Threonyl-tRNA synthetase (ThrRS) is a class II aminoacyl-tRNA synthetase (aaRS), which are a ubiquitous family of enzymes that have a vital role in protein biosynthesis. In particular, it catalyzes the activation and subsequent aminoacylation of its corresponding tRNAThr. Because of the close structural and electronic similarity between its cognate substrate threonine and the noncognate serine, the catalytic aminoacylation site of ThrRS is not able to fully discriminate between them. In this study we have explored multiple possible post-transfer editing mechanisms for ThrRS from Escherichia coli. The editing site is known to contain two conserved histidyls (His73 and His186) and a cysteinyl (Cys182), all of which could act as the required mechanistic base.
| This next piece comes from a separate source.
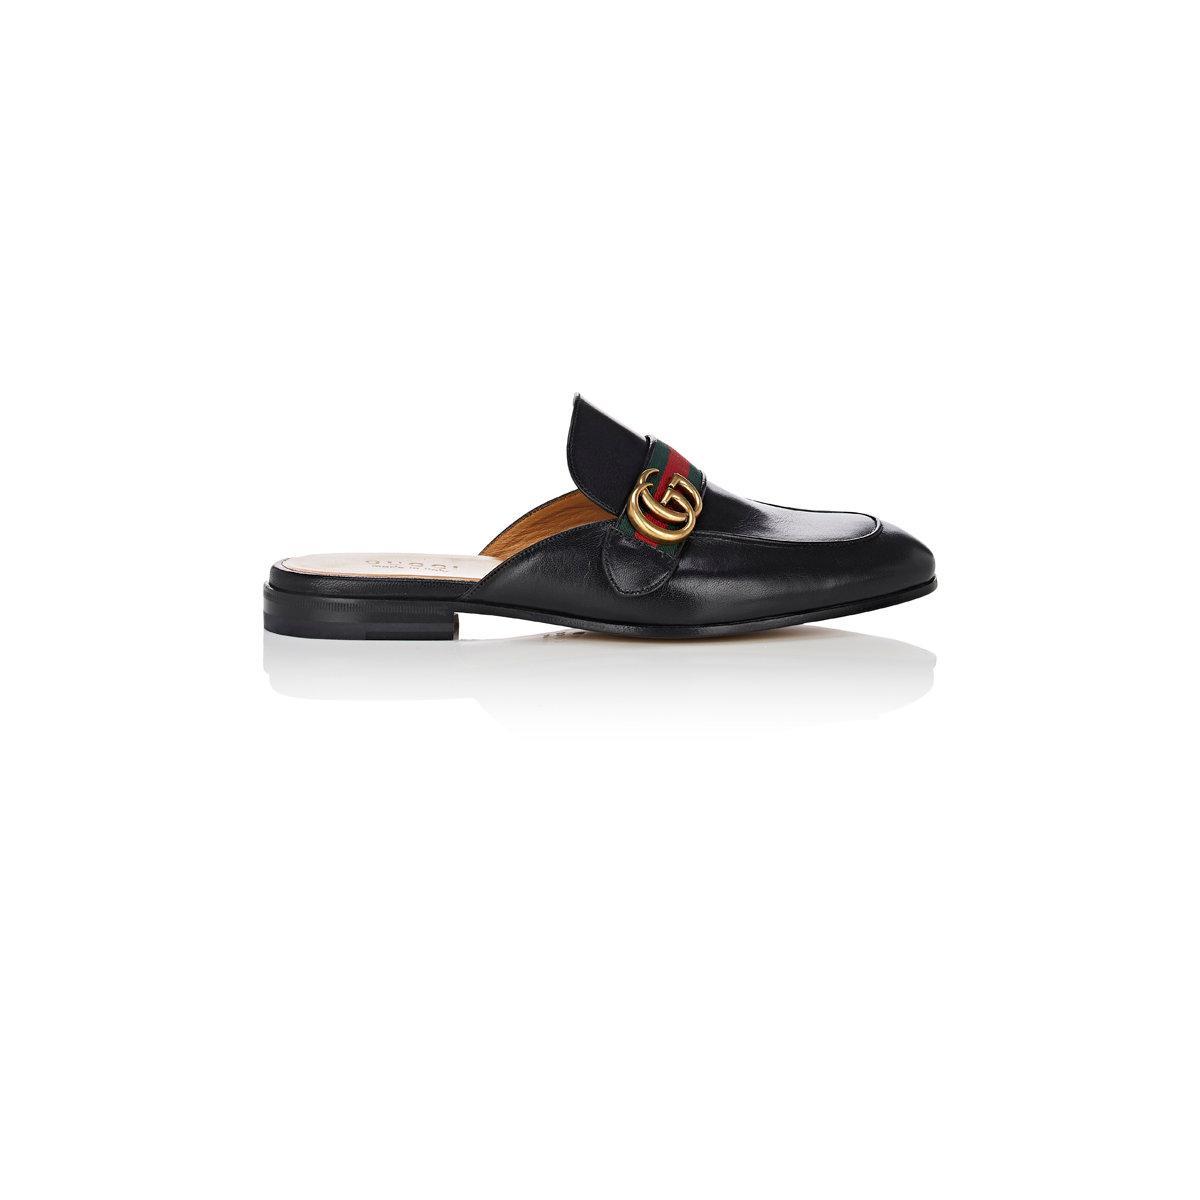 Kings Horsebit Leather Backless Loafers Gucci 1KsuHki

We have performed detailed molecular dynamics (MD) and quantum mechanics/molecular mechanics (QM/MM) studies in which the protonation states of each of these residues was varied. Furthermore, using the various substrate-bound active site models obtained, we have examined previously proposed and alternative possible mechanisms for deaminoacylation of Ser-tRNAThr by ThrRS in which His73 or Cys182 acts as the base: 11 mechanisms in total. The present results suggest that the most feasible mechanism is obtained when both His73 and His186 are neutral, while the thiol of Cys182 is deprotonated and acts as a base. The resulting mechanism is found to occur in two steps. First, deprotonation of an active site water by the thiolate of Cys182 with its concomitant nucleophilic attack at the substrate's Ccarb center occurs with a calculated free energy barrier of 9.9 kcal/mol. The subsequent, and overall rate-limiting step, is a water-meditated proton transfer from Lys156 onto the Ado763′-oxygen resulting in simultaneous cleavage of the Ado763′O–Ccarb bond with a free energy barrier of 20.8 kcal/mol.